[What to produce] Write out exactly the lines from the one containing "Moon Valley Organics" to the end of the material, both ends included, and nothing else. Leave pictures out.

Exercise data below:

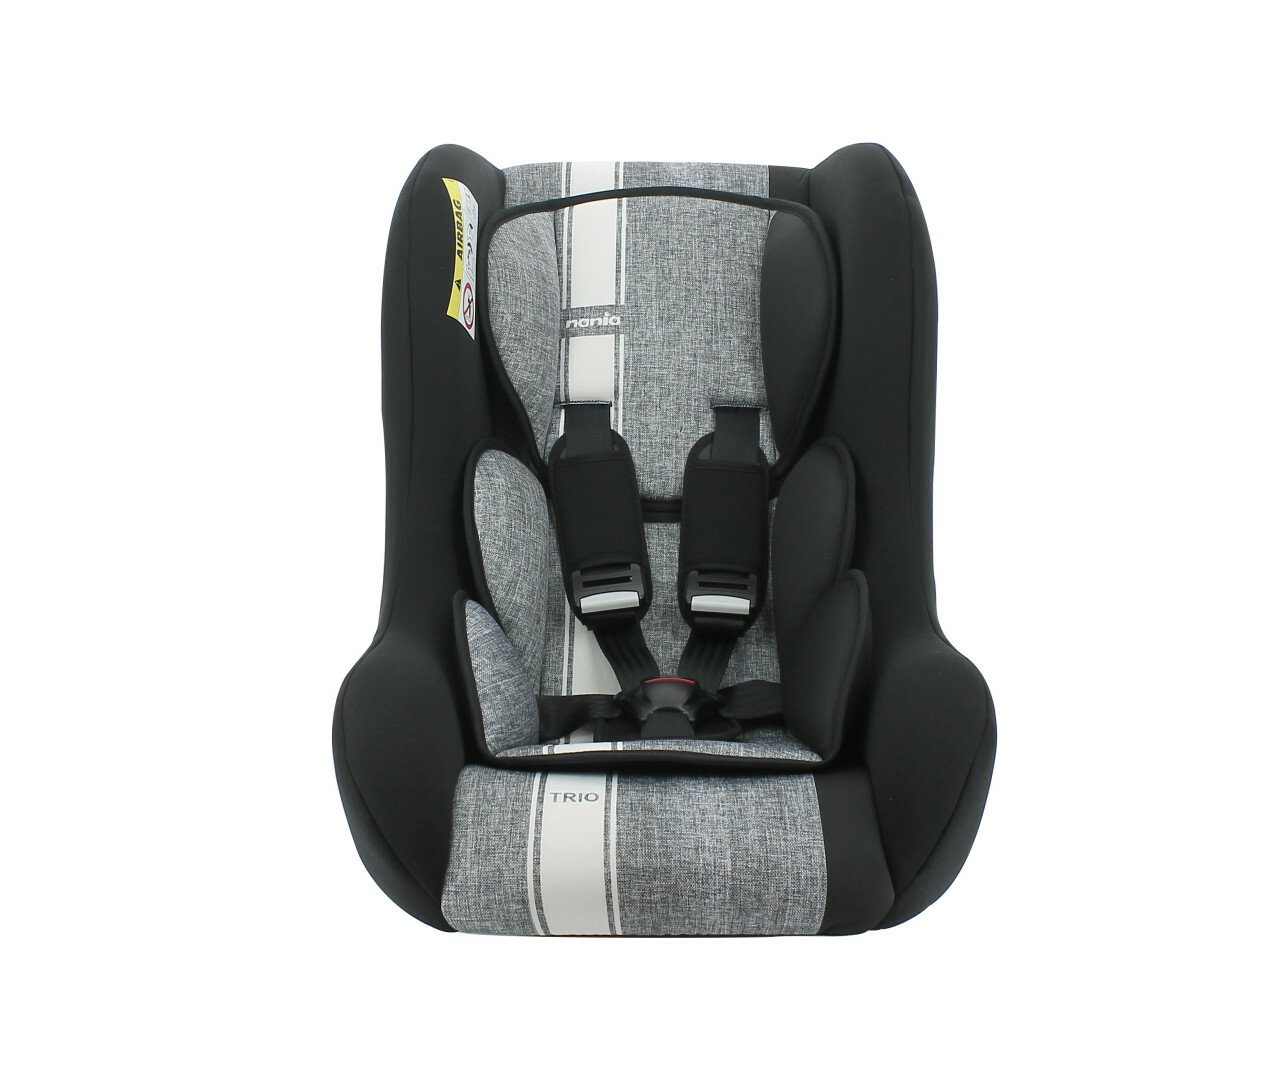 newborn baby car seat argos
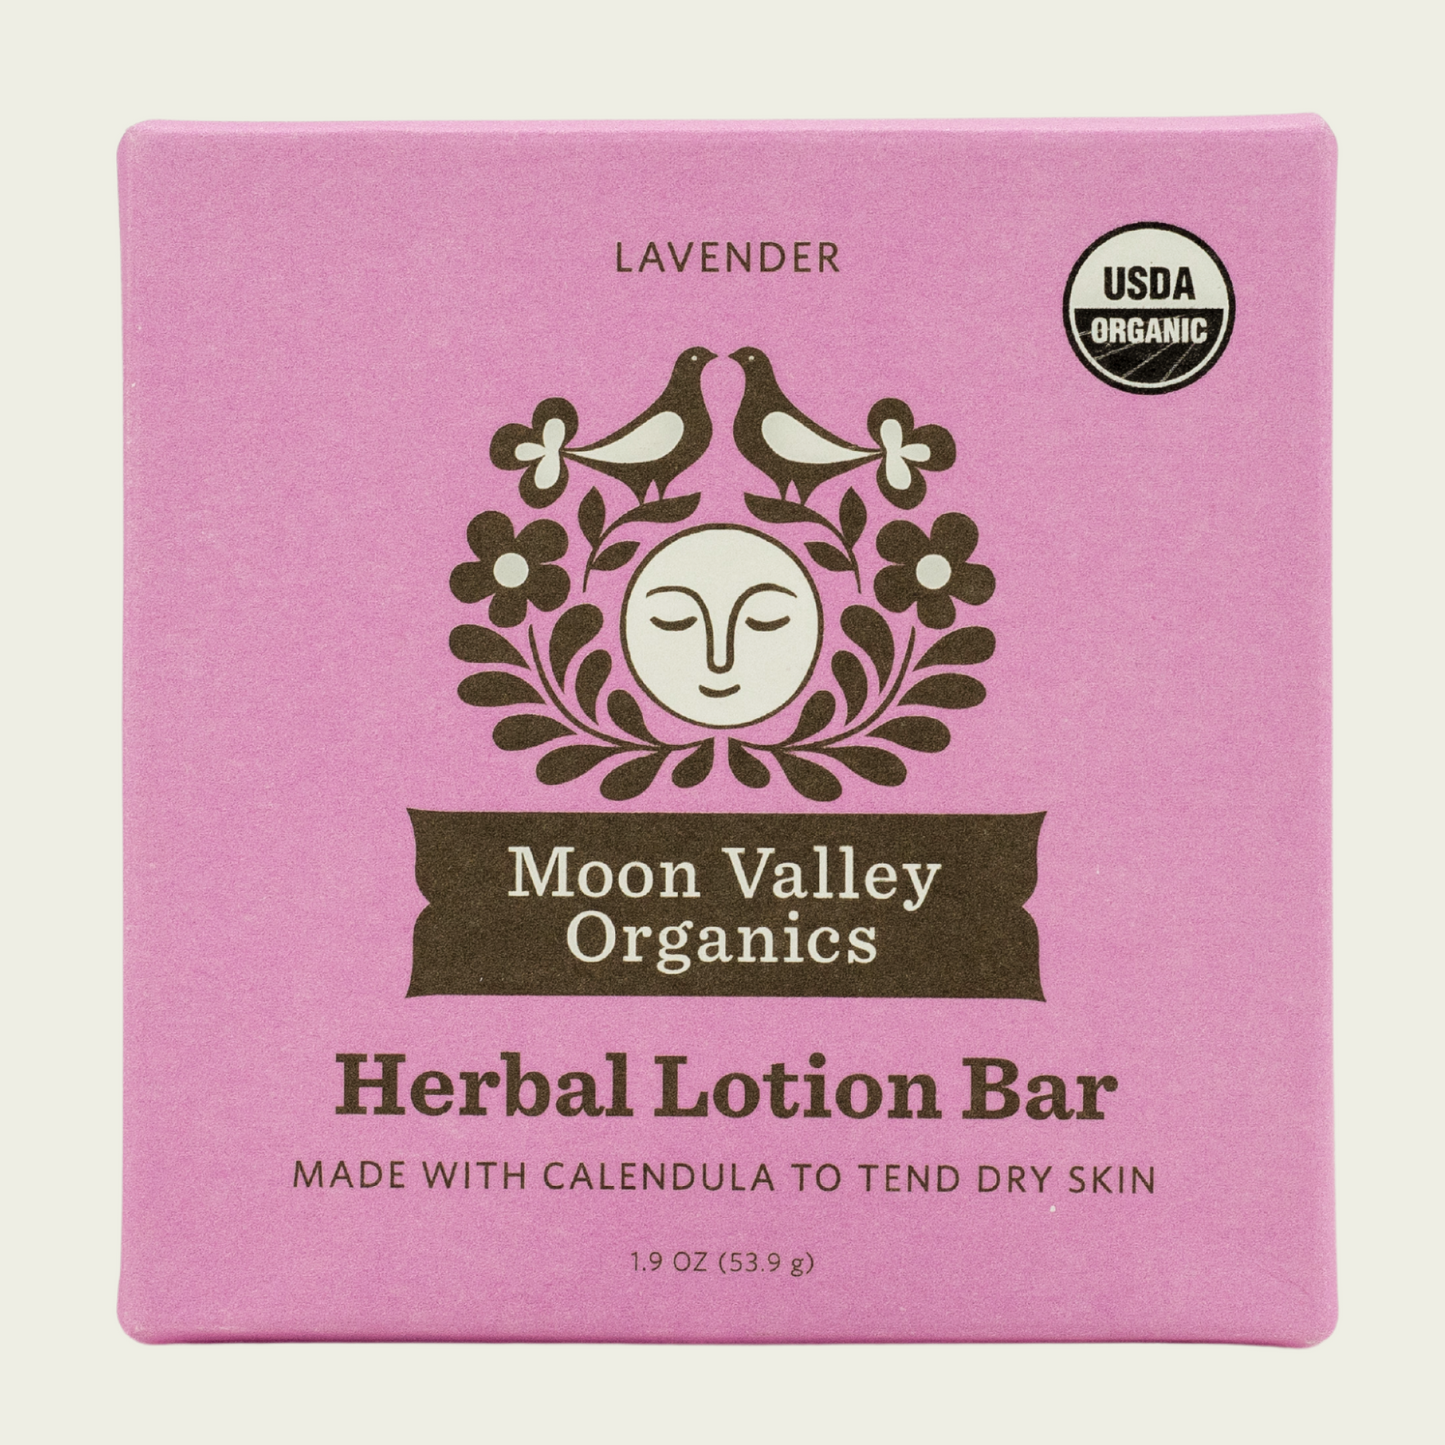 Moon Valley Organics Herbal Lotion Bar Lavender Front Box
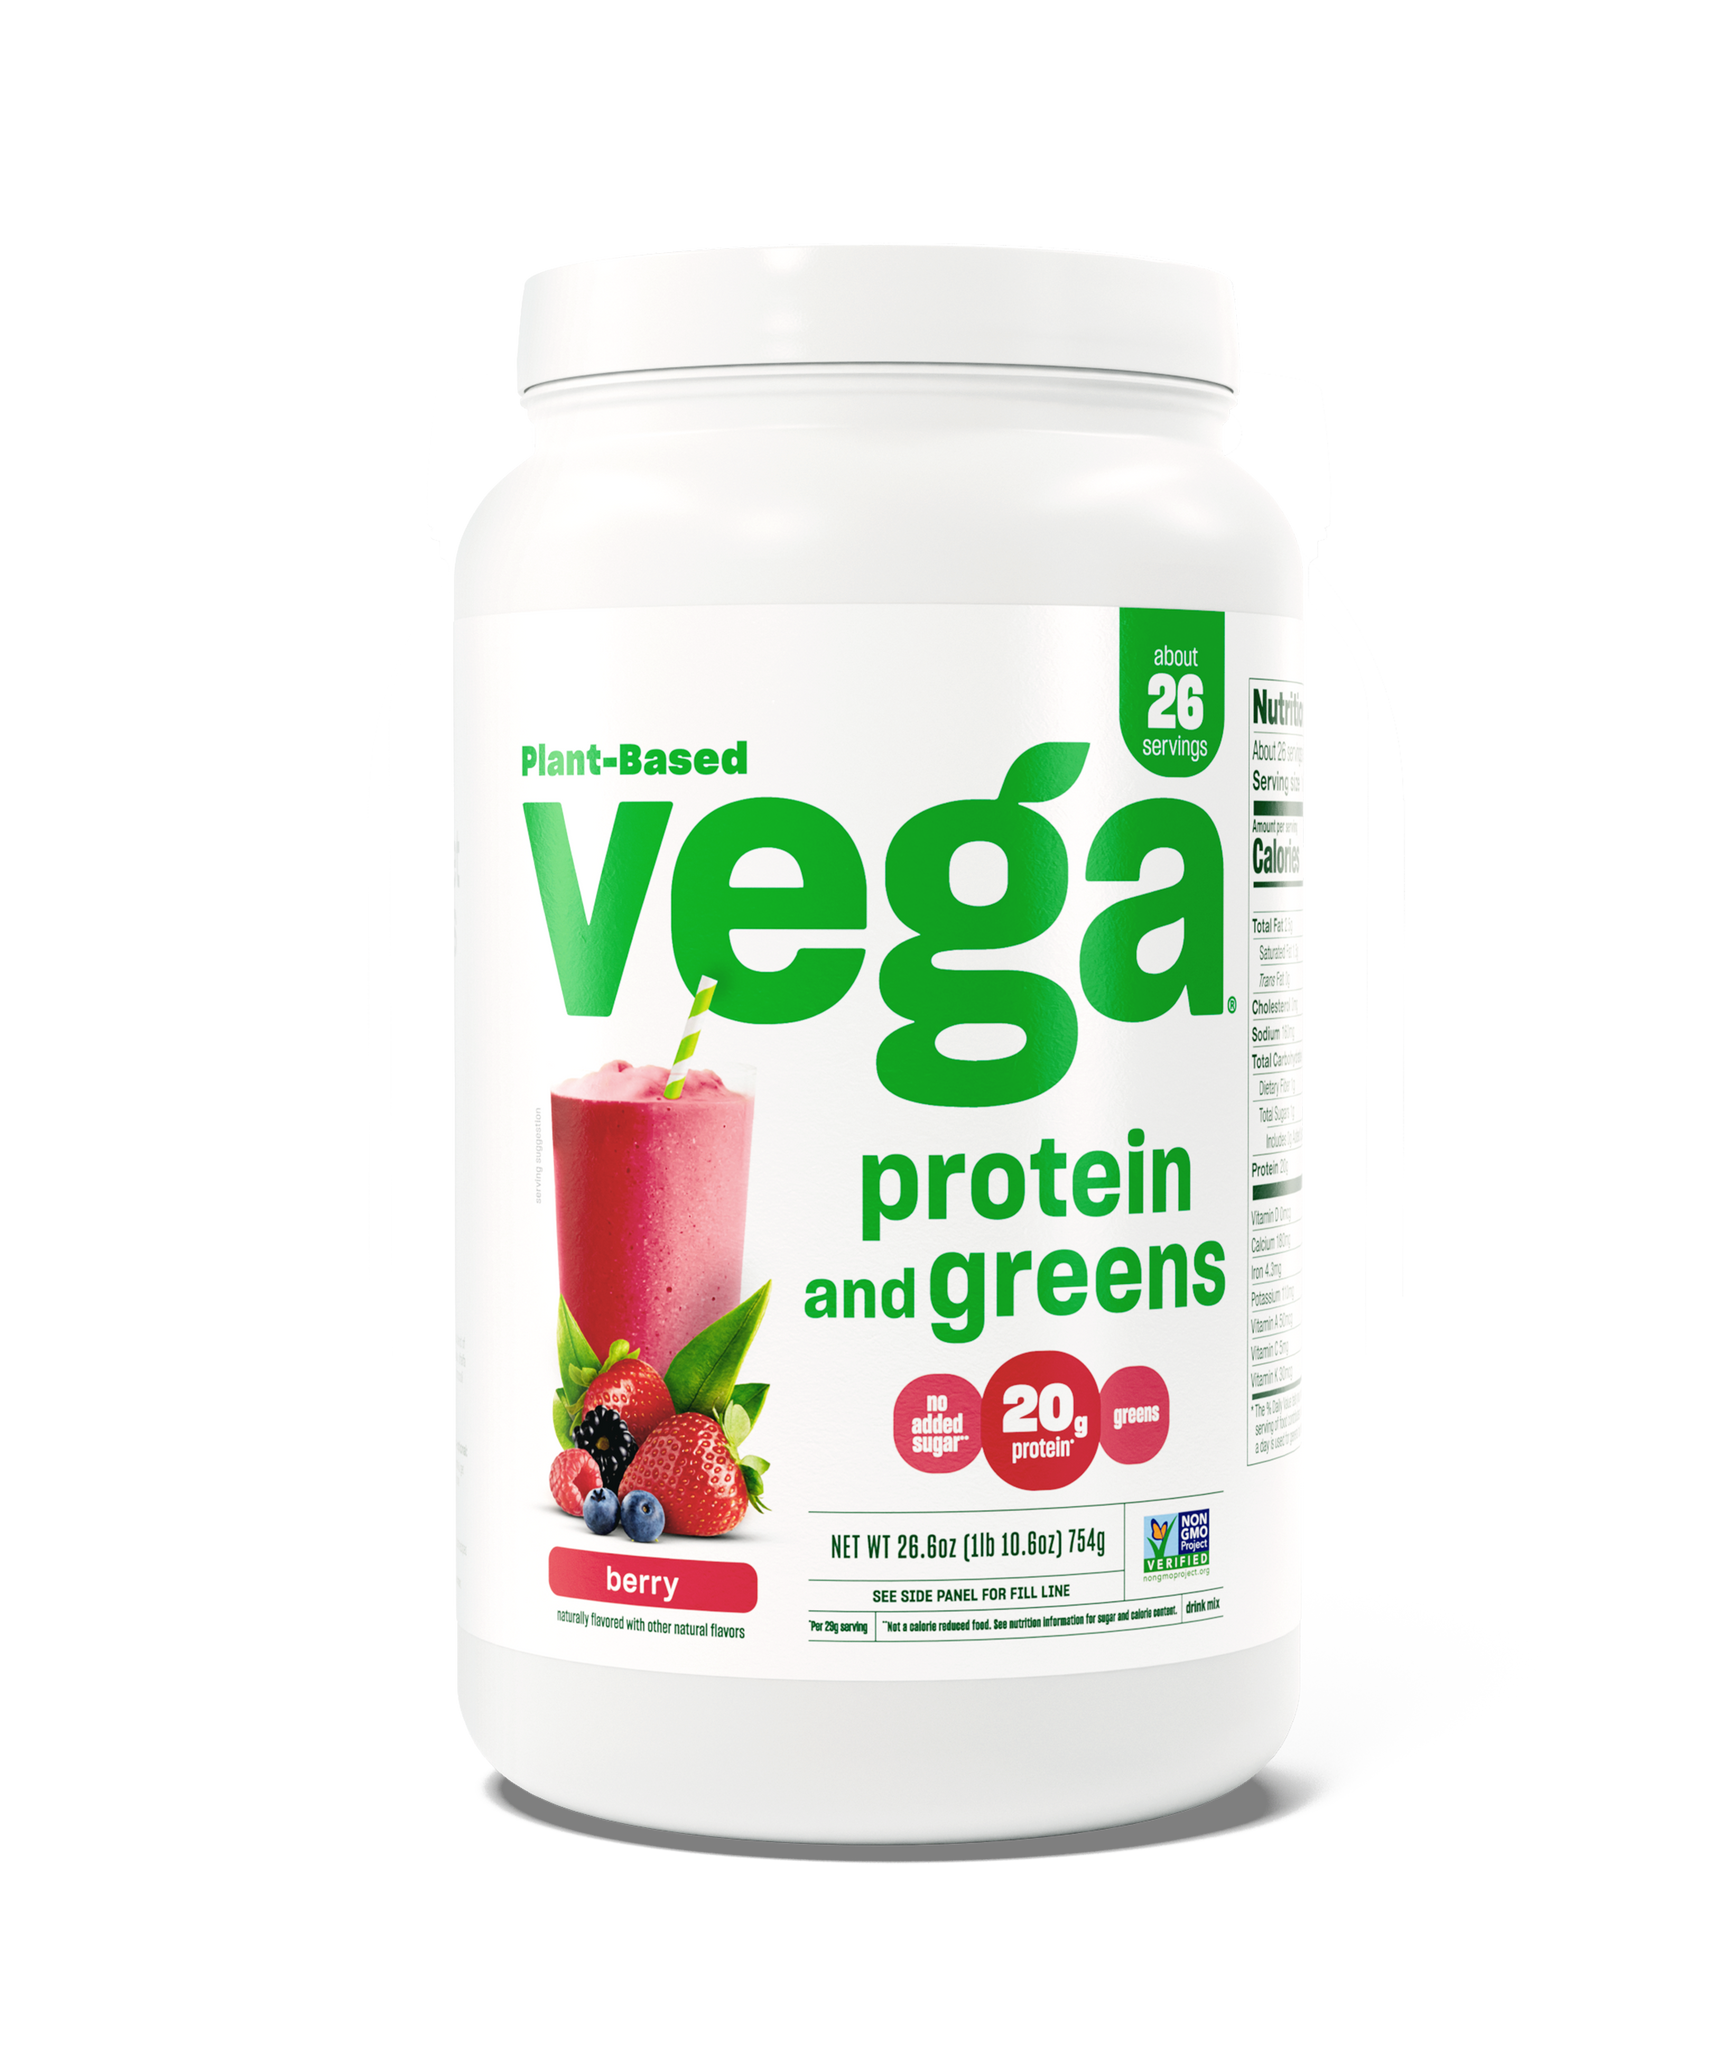 Vega® Protein & Greens #1 Plant-Based Protein Powder Brand – Vega (US)

End of Exercise data.

[Output below]
 Moon Valley Organics Herbal Lotion Bar Lavender Front Box
 Vega® Protein & Greens #1 Plant-Based Protein Powder Brand – Vega (US)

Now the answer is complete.